Work instruction:
Give back an exact copy of the listing that follows, without the pictures.

Recorded information:
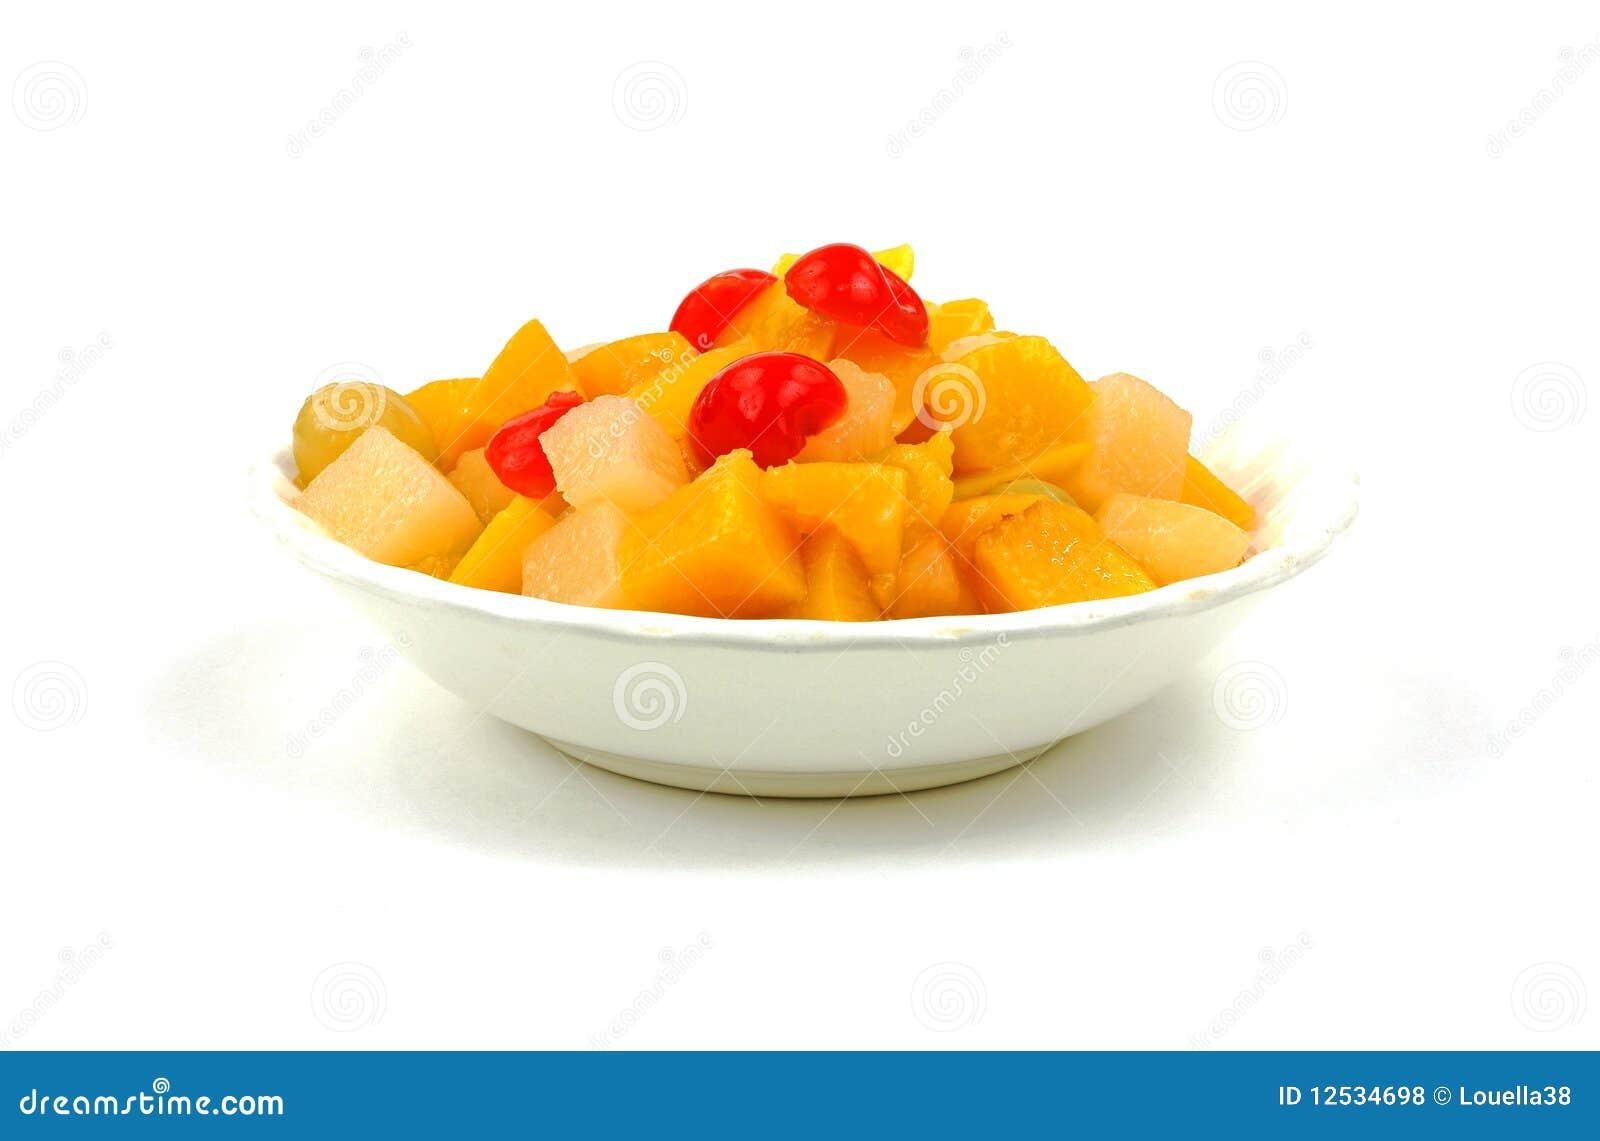 Ingeblikte fruitcocktail
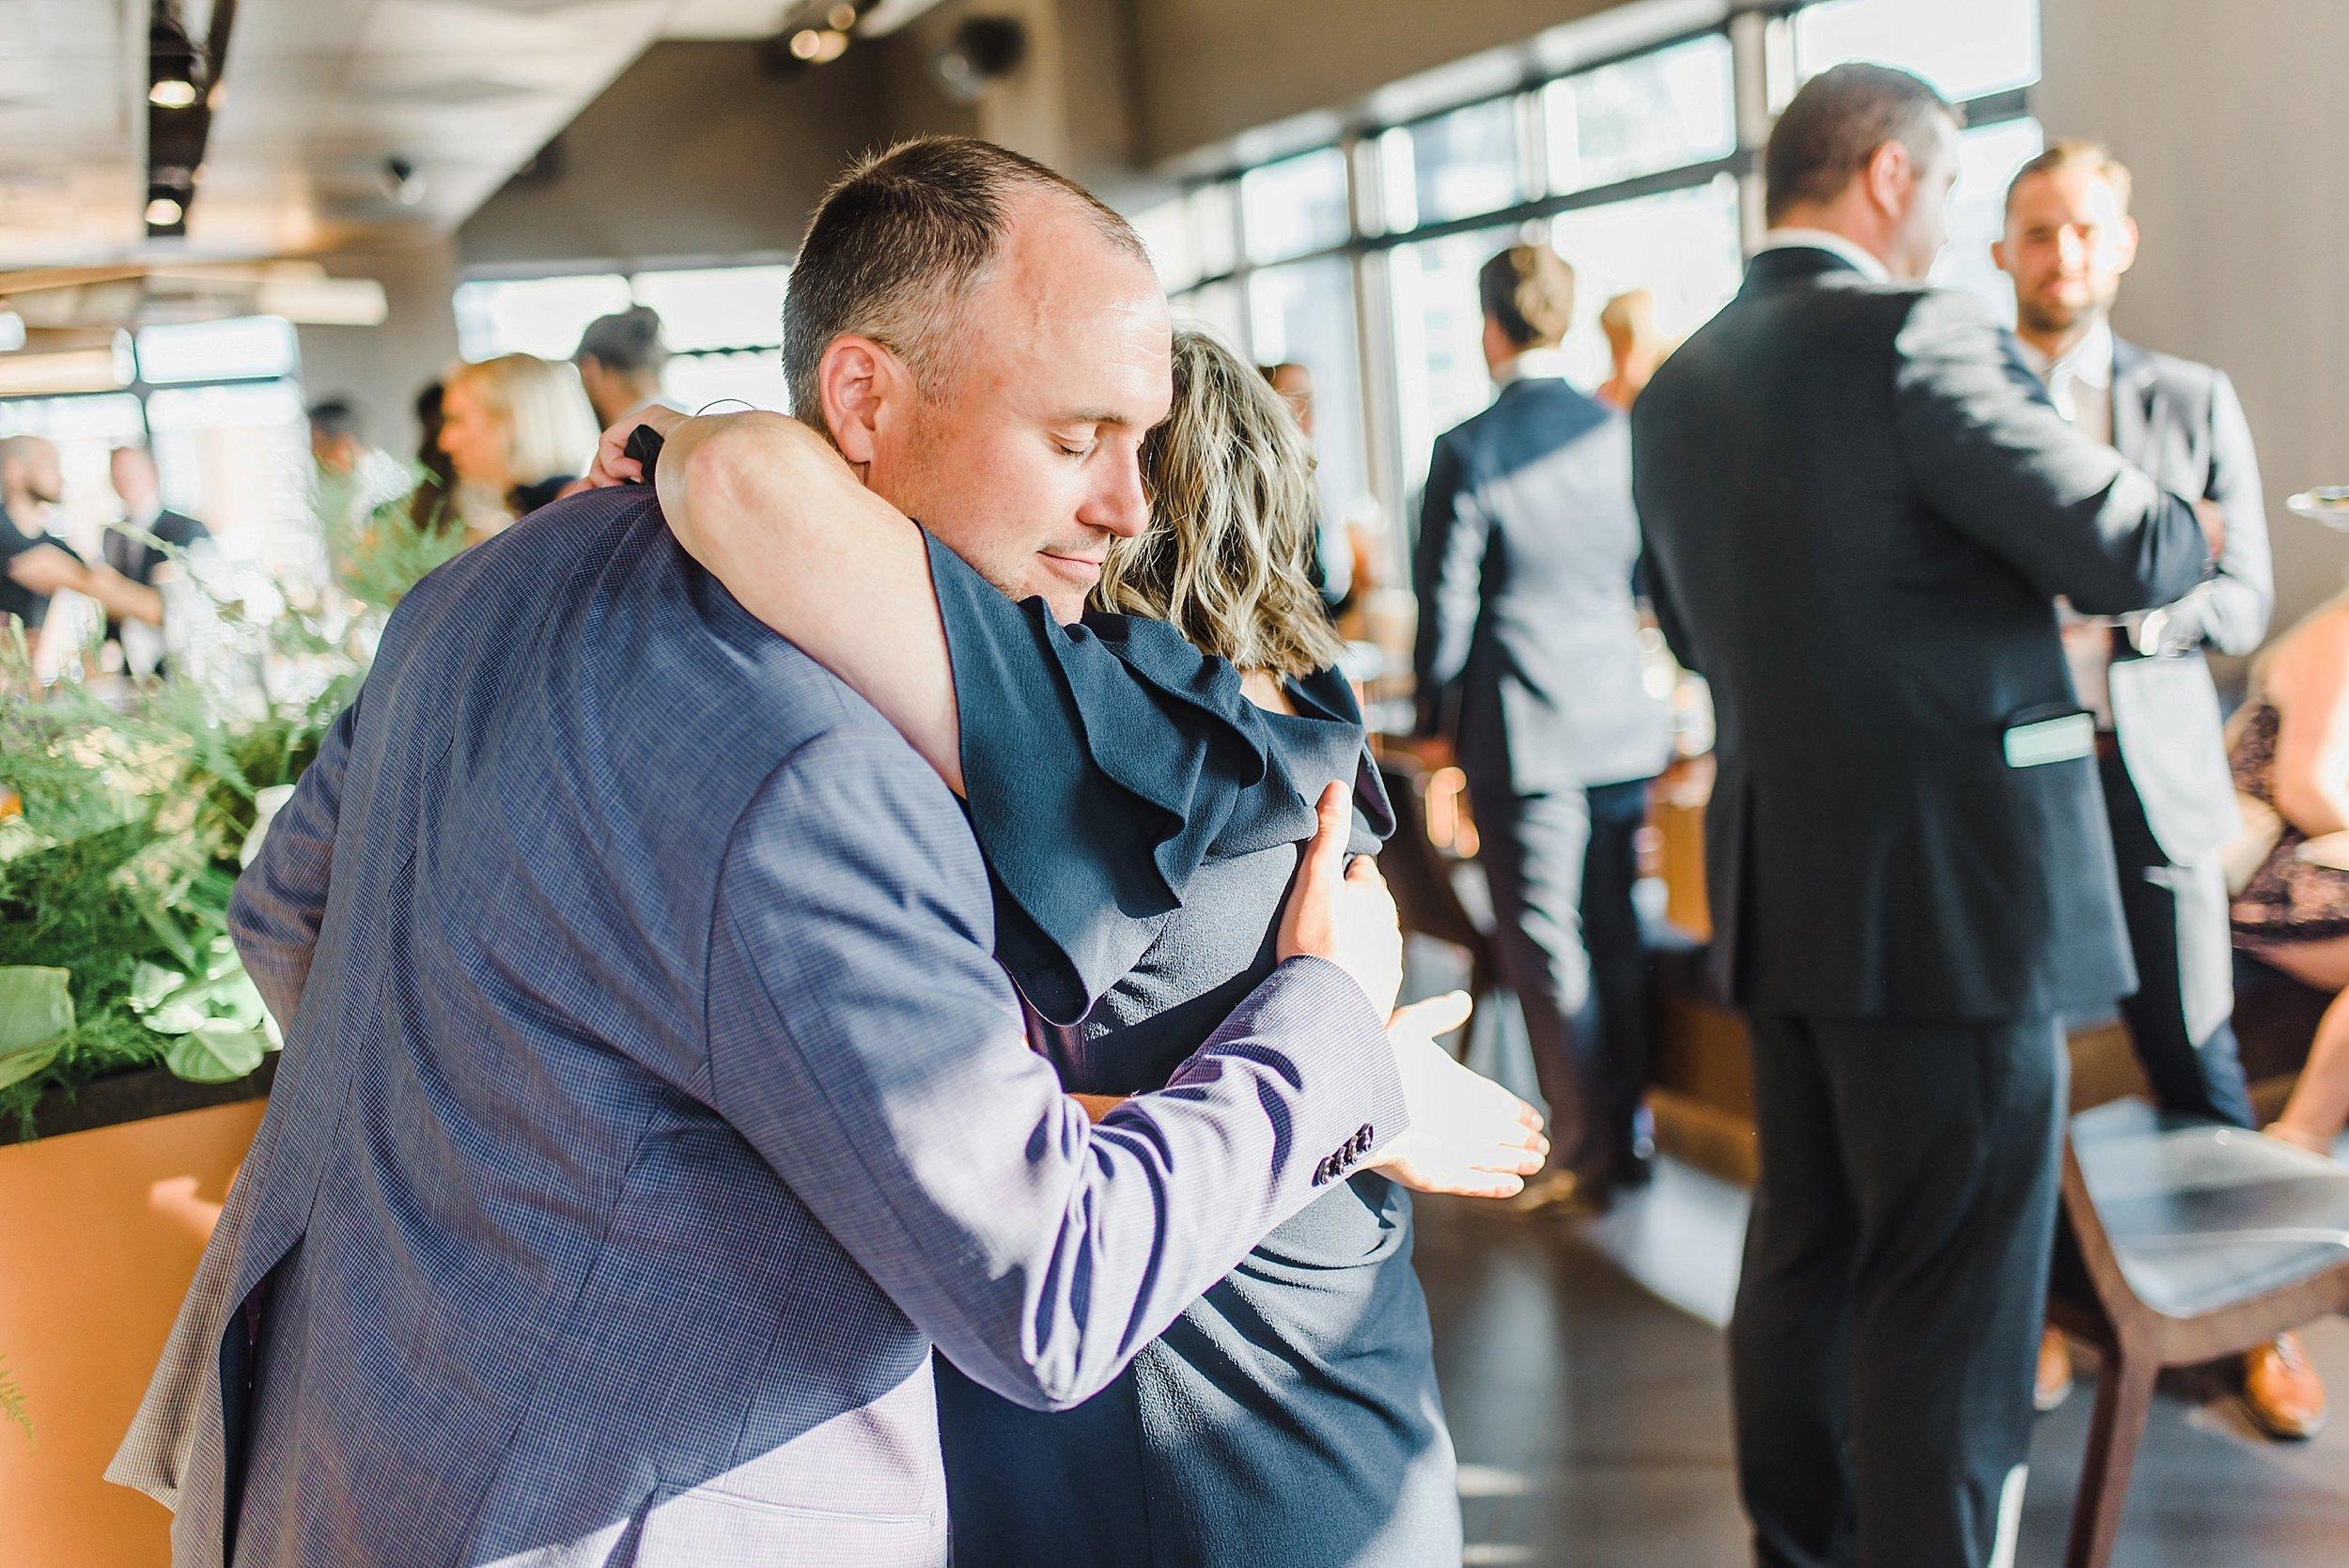 light airy indie fine art ottawa wedding photographer | Ali and Batoul Photography_0701.jpg
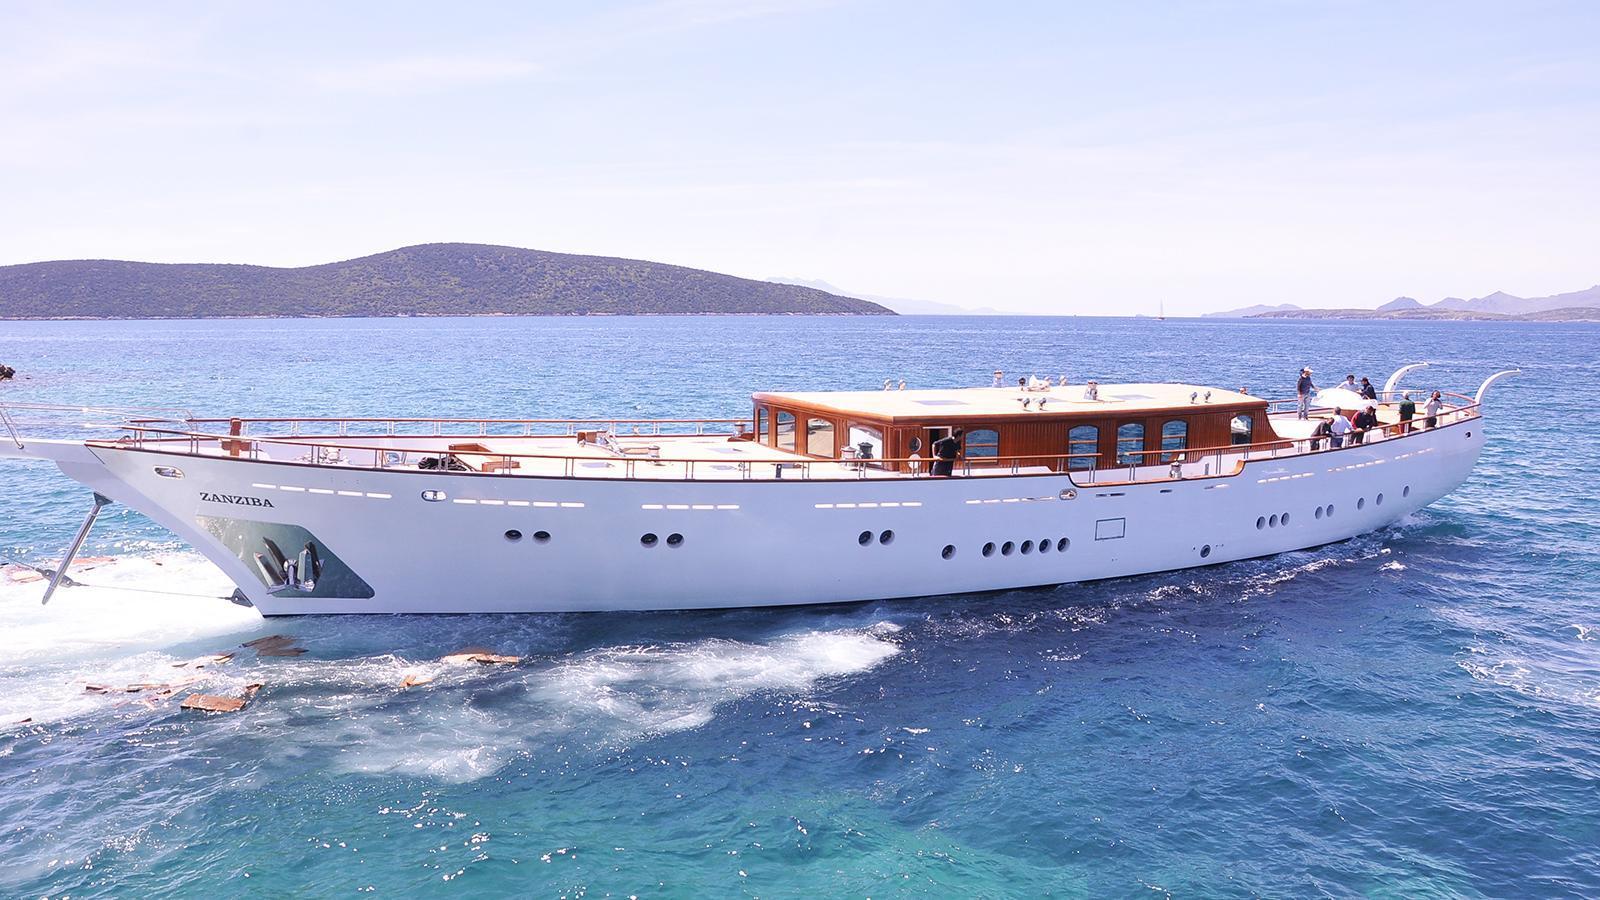 zanziba-sailing-yacht-archipelago-46m-2015-profile-launch
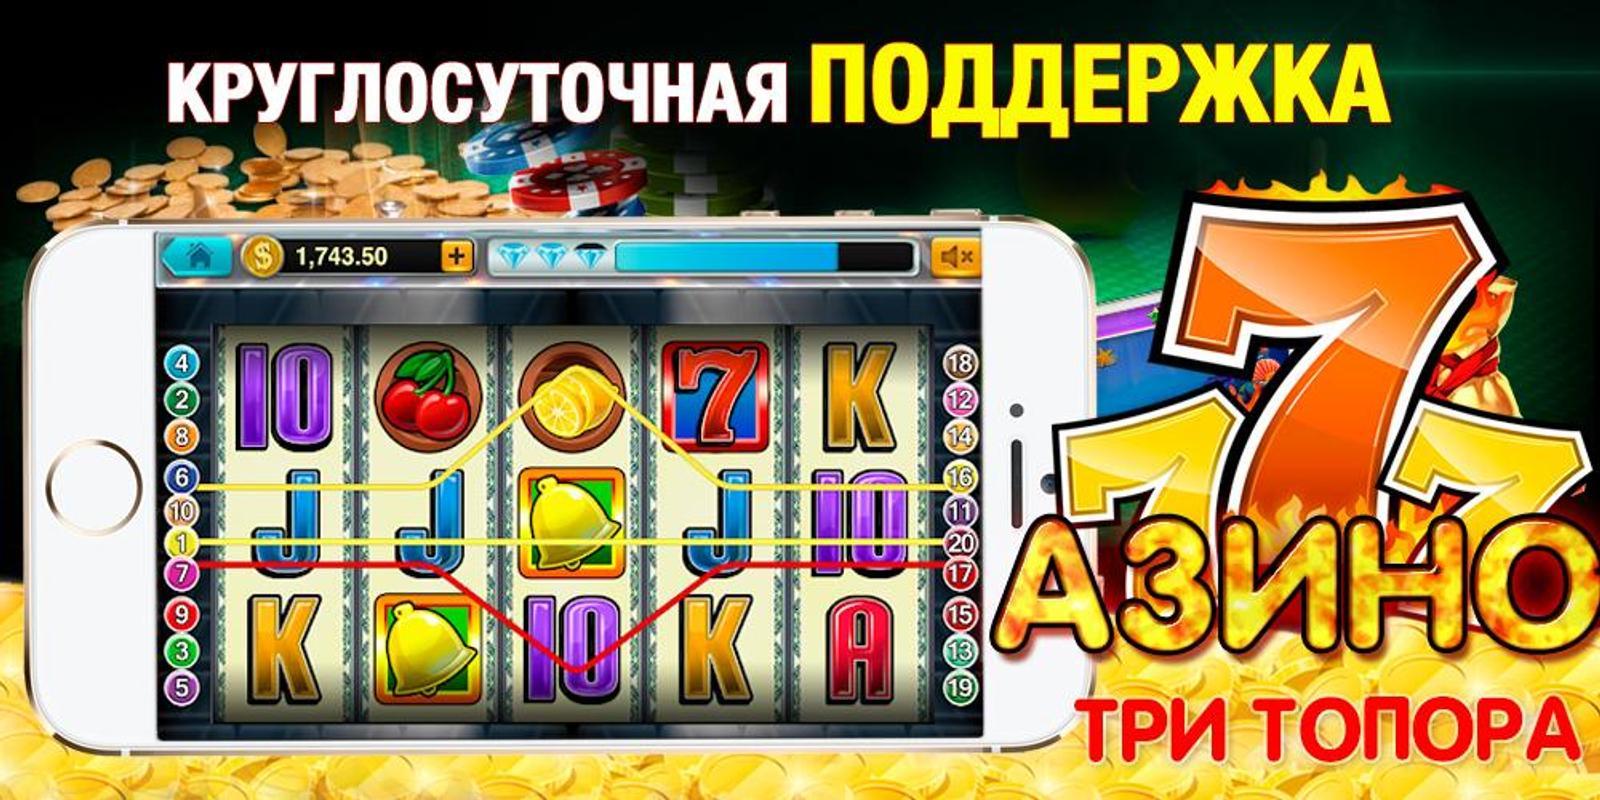 онлайн казино азино777 отзывы

Output of the exercise:
 Ingeblikte fruitcocktail
 light airy indie fine art ottawa wedding photographer | Ali and Batoul Photography_0701.jpg
 zanziba-sailing-yacht-archipelago-46m-2015-profile-launch
 онлайн казино азино777 отзывы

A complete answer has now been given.